When you store the string “Hyderabad” in a SQL Server column, the database does not store the letters — it stores numbers. The encoding determines which numbers. A non-Unicode column stores one byte per character using the database’s configured code page. A Unicode column stores two bytes per character using UTF-16 encoding.

For English text, both systems produce readable results — but they are storing fundamentally different byte sequences. When you mix these two types in queries, joins, or comparisons, SQL Server has to resolve the mismatch — and that resolution has real performance costs.

SQL Server uses UTF-16 LE (Little Endian) encoding for all Unicode string storage — the same encoding used internally by the Windows operating system and the .NET runtime. This means nvarchar columns store exactly 2 bytes per BMP character and 4 bytes for supplementary characters outside the Basic Multilingual Plane.

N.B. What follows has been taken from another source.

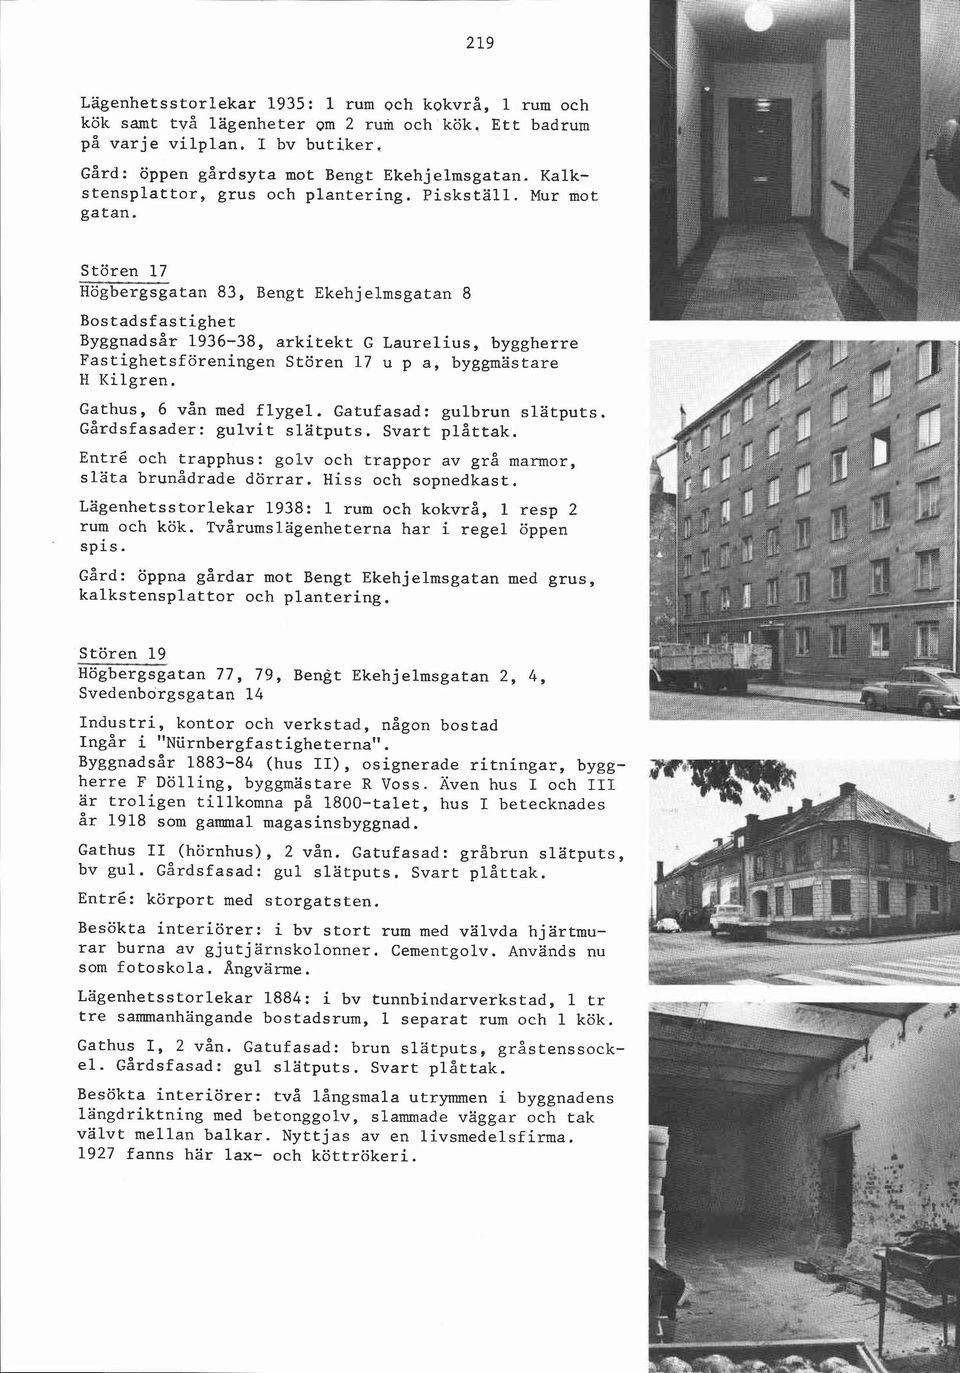 Stören 17 Högbergsgatan 83, Bengt Ekehjelmsgatan 8 ~~ggnadsår 1936-38, arkitekt G Laurelius, byggherre Fastighetsföreningen Stören 17 u p a, byggmästare H Kilgren. Gathus, 6 vån med flygel.

2. Complete Unicode vs Non-Unicode Data Type Reference

Data TypeUnicode?LengthStorageMax SizeStatus
char(n)Non-UnicodeFixed1 byte/char8,000 bytesActive
varchar(n)Non-UnicodeVariable1 byte/char8,000 bytesActive
varchar(max)Non-UnicodeVariable1 byte/char2 GBActive
textNon-UnicodeVariable1 byte/char2 GB⚠ Deprecated
nchar(n)UnicodeFixed2 bytes/char8,000 bytesActive
nvarchar(n)UnicodeVariable2 bytes/char8,000 bytesActive
nvarchar(max)UnicodeVariable2 bytes/char2 GBActive
ntextUnicodeVariable2 bytes/char2 GB⚠ Deprecated

The “n” prefix in nvarchar and nchar stands for National Character — terminology borrowed directly from the ISO/IEC SQL standard. It signals Unicode storage. The deprecated types (text and ntext) should not be used in new code — use varchar(max) and nvarchar(max) instead.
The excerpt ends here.